To level the playing field, Brown announced that he is drafting legislation that would make the trade relief process more effective for companies and workers harmed by unfair foreign competition. Brown also called on Congress to hold currency manipulators like China accountable by supporting his bipartisan legislation, the Currency Exchange Rate Oversight Reform Act. The bill would use U.S. trade law to counter the economic harm to American manufacturers caused when countries unfairly undervalue their currency to give their exports an unfair price advantage. The legislation would provide consequences for countries that fail to adopt appropriate policies to eliminate currency misalignment—all without adding a dime to the federal budget. In fact, Brown recently helped unveil a report by the Economic Policy Institute (EPI) showing that cracking down on currency manipulation could reduce the U.S. trade deficit by as much as $500 billion within three years, increase GDP by as much as $720 billion, and create as many as 5.8 million American jobs—all while reducing the federal budget by as much as $266 billion.

Today’s hearing featured expert testimony from:

  • Mario Longhi: President and Chief Executive Officer, United States Steel Corporation, Pittsburgh, Pennsylvania;
  • Leo Gerard: International President, The United Steel, Paper, and Forestry, Rubber, Manufacturing, Energy, Allied Industrial and Service Workers International Union (United Steelworkers), Pittsburgh, Pennsylvania
  • Kevin Brosch: Trade Consultant, BroschTrade LLC, on behalf of the National Chicken Council, Washington, D.C.;
  • Bart Peterson: Senior Vice President, Corporate Affairs and Communications, Eli Lilly and Company, Indianapolis, Indiana; and
  • Richard Wilkins: Treasurer, American Soybean Association, Greenwood, Delaware.
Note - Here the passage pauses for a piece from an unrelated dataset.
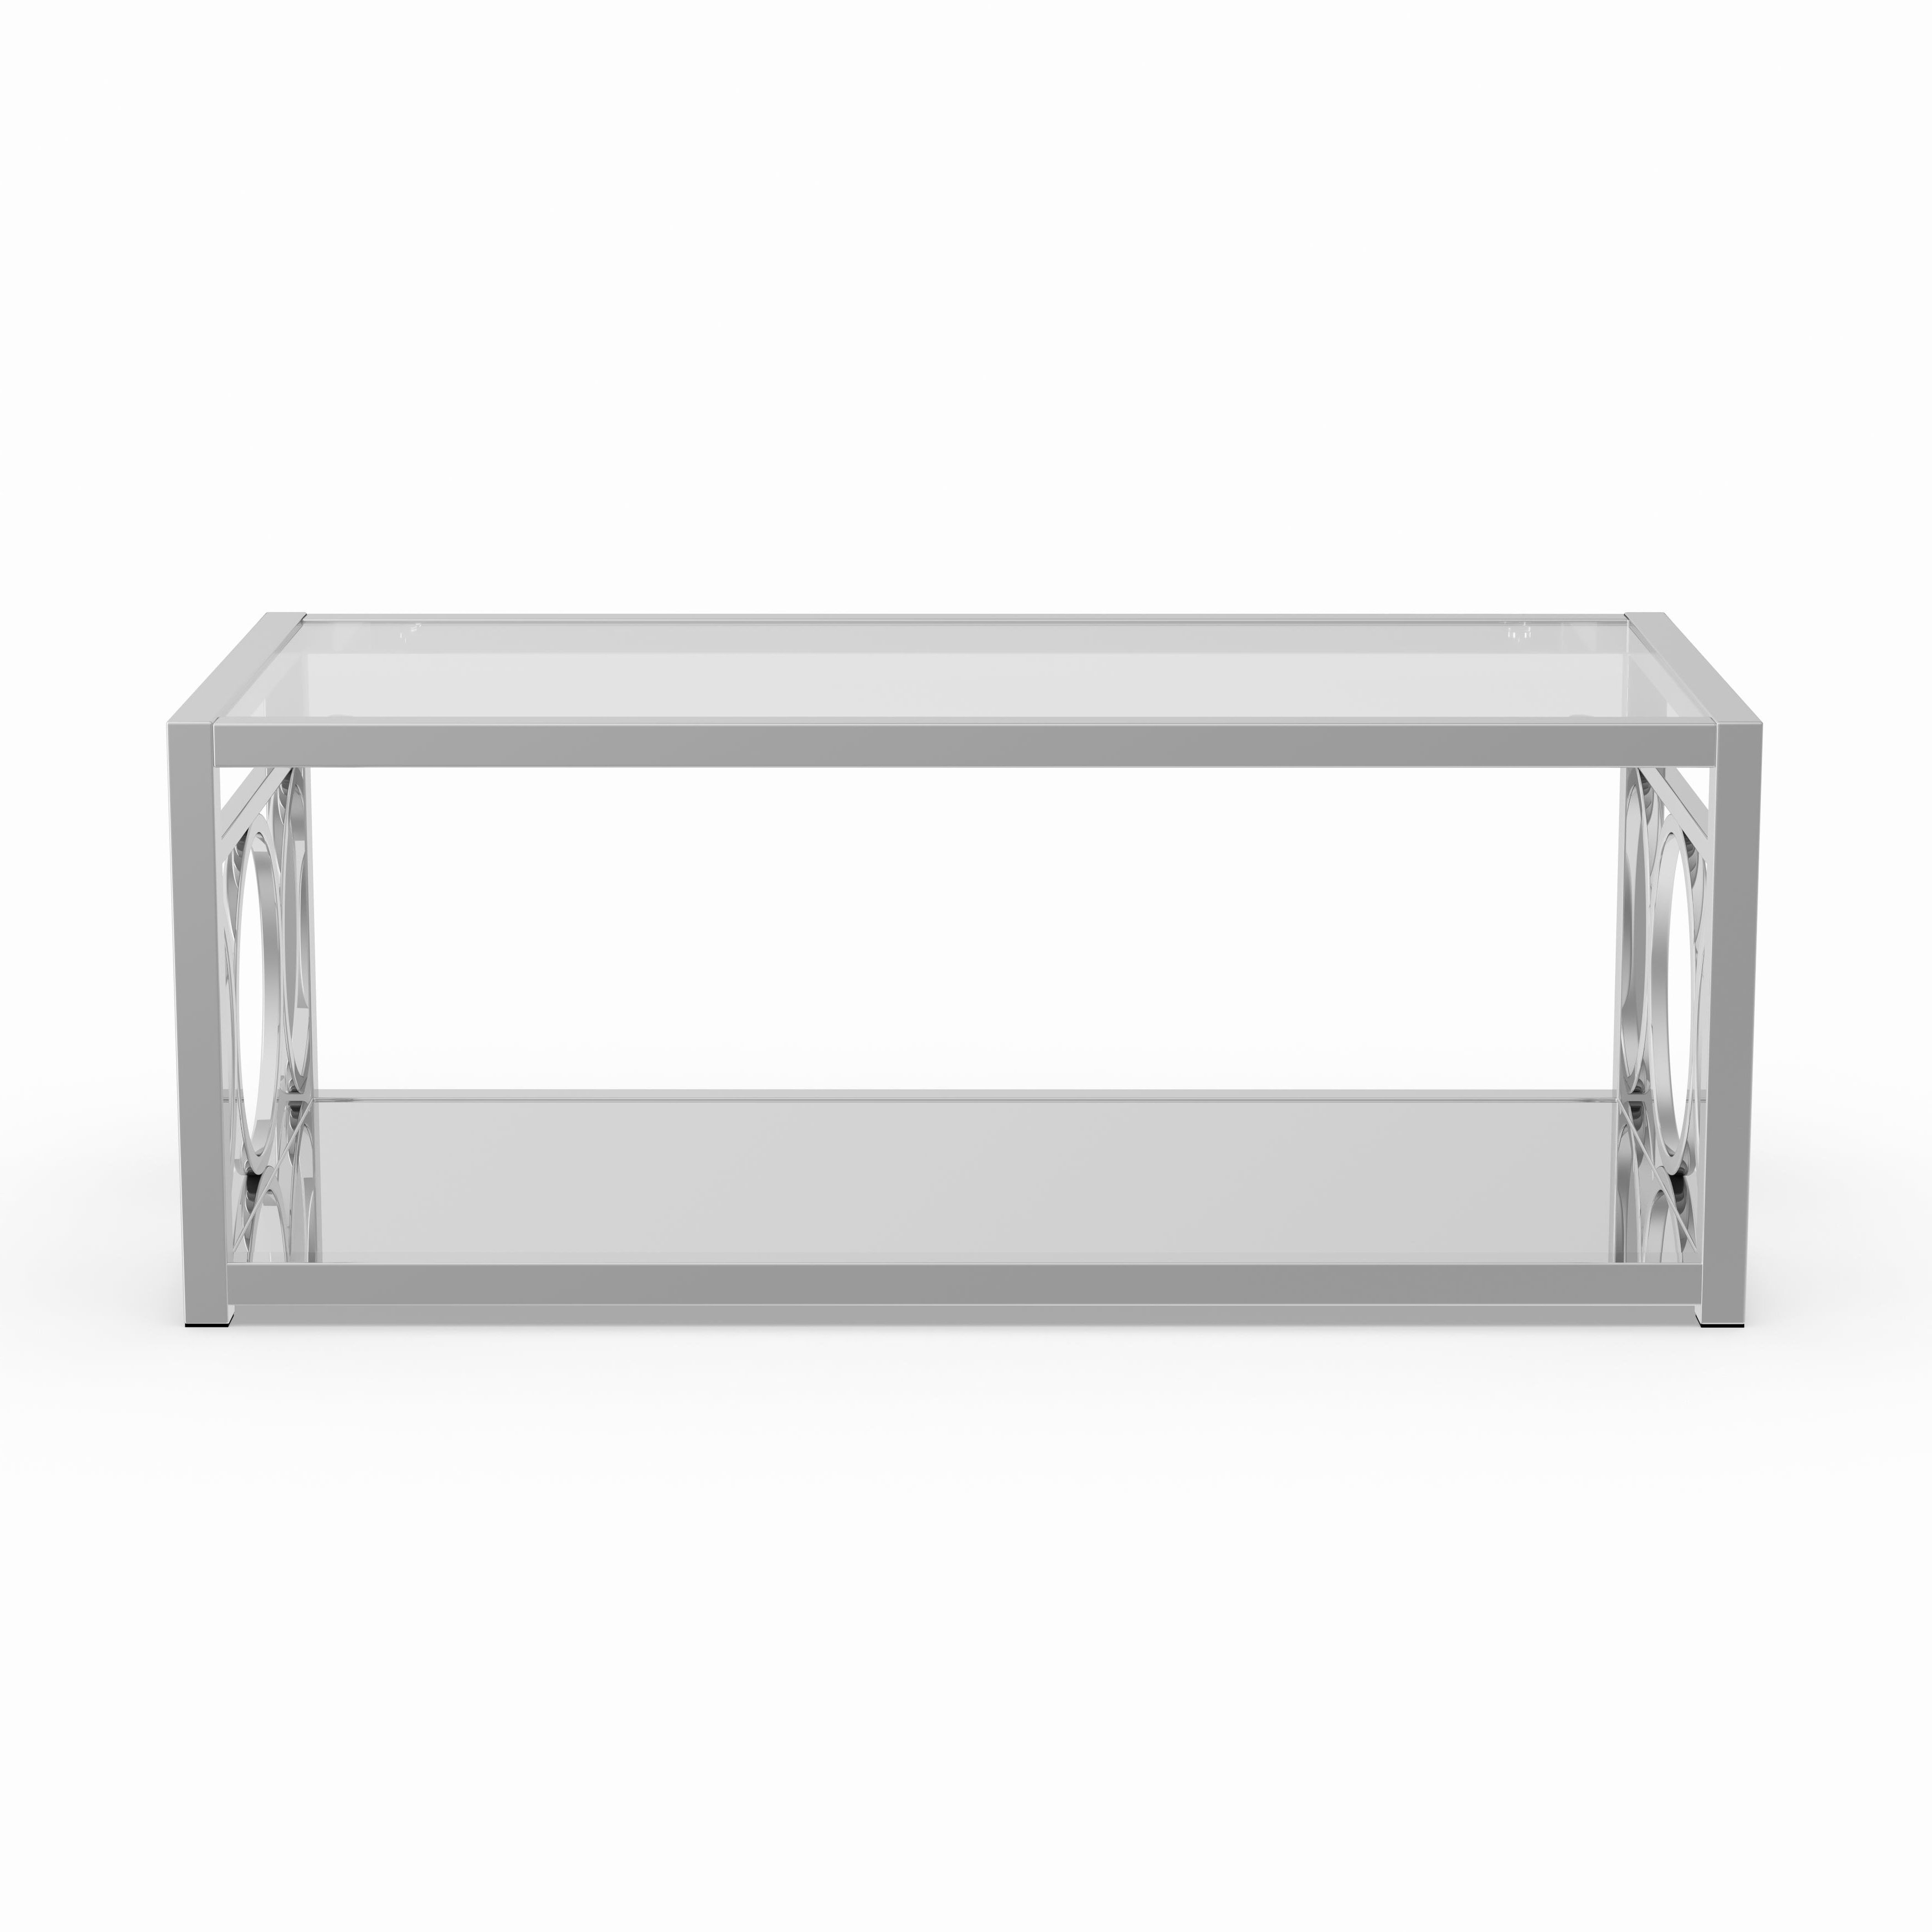 Silver Orchid Ipsen Contemporary Glass Top Coffee Table Throughout Current Silver Orchid Ipsen Contemporary Glass Top Coffee Tables (View 5 of 20)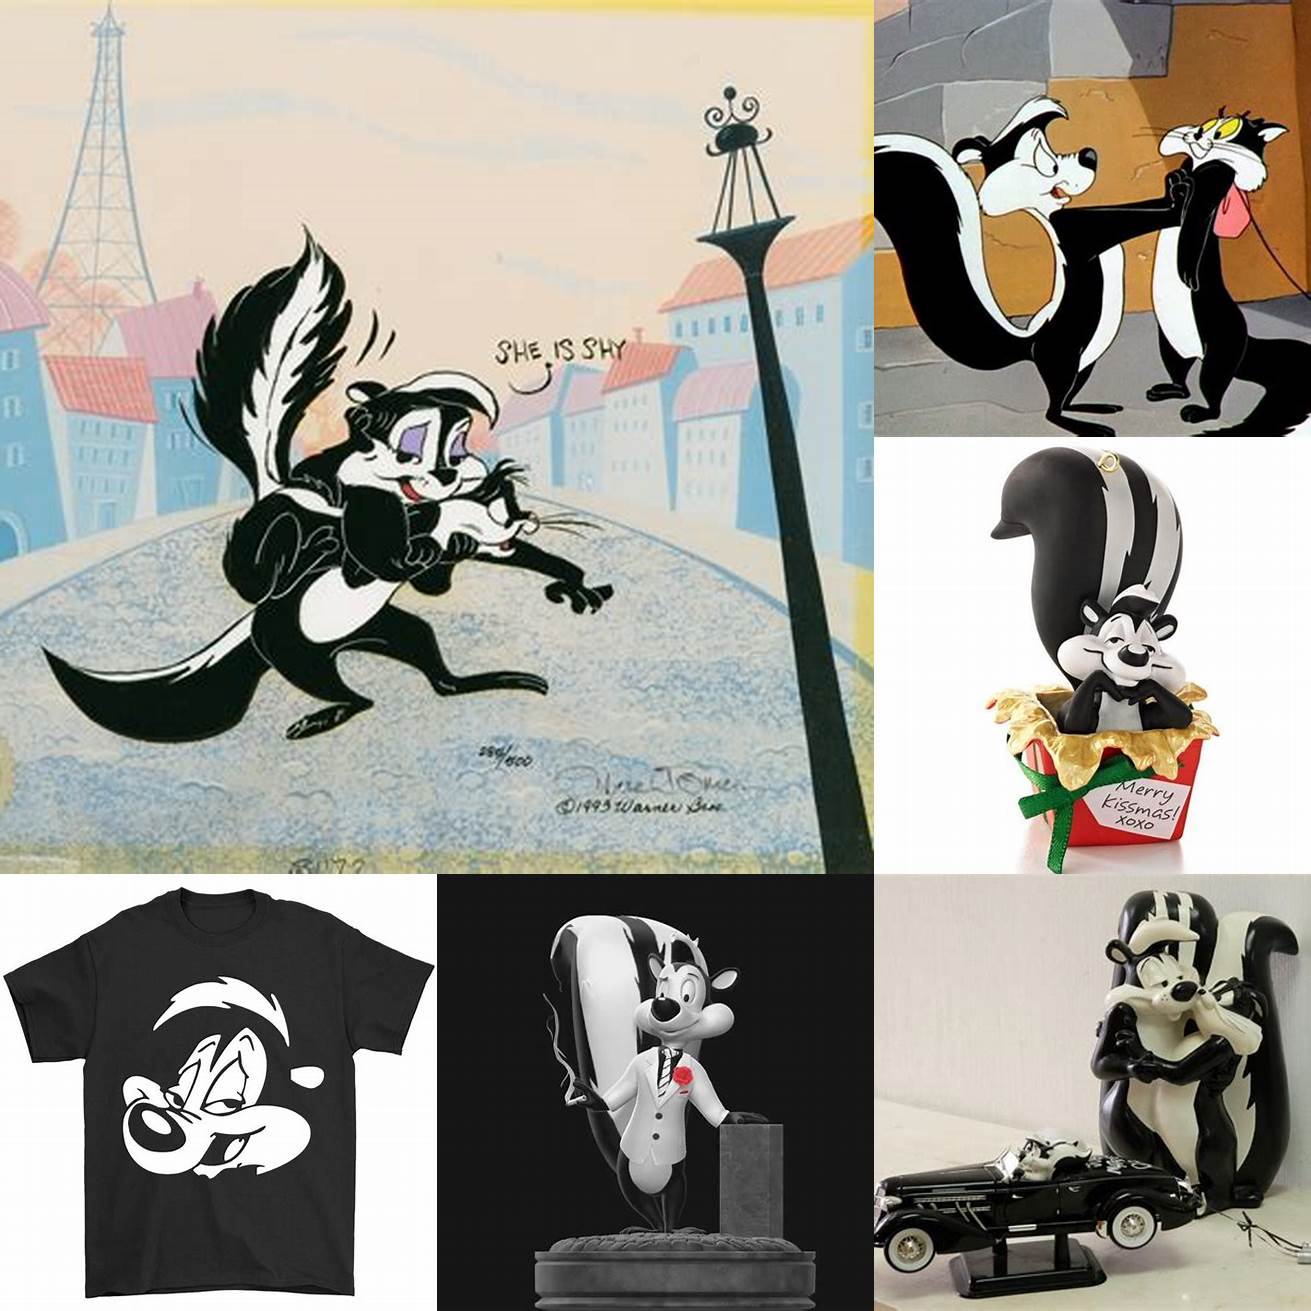 The cat from Pepe Le Pew has inspired merchandise and spin-off media

Brown continues to fight for Ohio’s workers and its steel and manufacturing industries. Described as “Congress’ leading proponent of American Manufacturing,” Brown is a member of the Senate Manufacturing Caucus, currently Vice-Chair of the Senate Auto Caucus, and was recently named incoming Chair of the Senate Steel Caucus.

Brown is also leading the fight to urge the Administration to apply trade remedies against Oil Country Tubular Goods (OCTG) imports that violate trade law due to illegal subsidization or by selling at too low a price (dumping) and harming the competitiveness of American businesses and workers. In March 2014, Brown met with Longhi to discuss the case and efforts to help protect domestic steel producers. U. S. Steel is one of nine companies—along with Vallourec Star in Youngstown, TMK IPSCO in Brookfield, and JMC Steel in Warren—that has petitioned DOC to take steps against imports of OCTG.  

Last week, Brown met with the Secretary of the U.S. Department of Commerce (DOC), Penny Pritzker, to discuss the importance of protecting U.S. businesses and workers from unfair trade practices. Brown specifically urged DOC to impose antidumping duties (AD) and countervailing duties (CVD) on countries that unfairly dump their steel in the U.S. market; work toward eliminating an oversupply of steel in the international market; and address currency manipulators like China that threaten American jobs and competitiveness.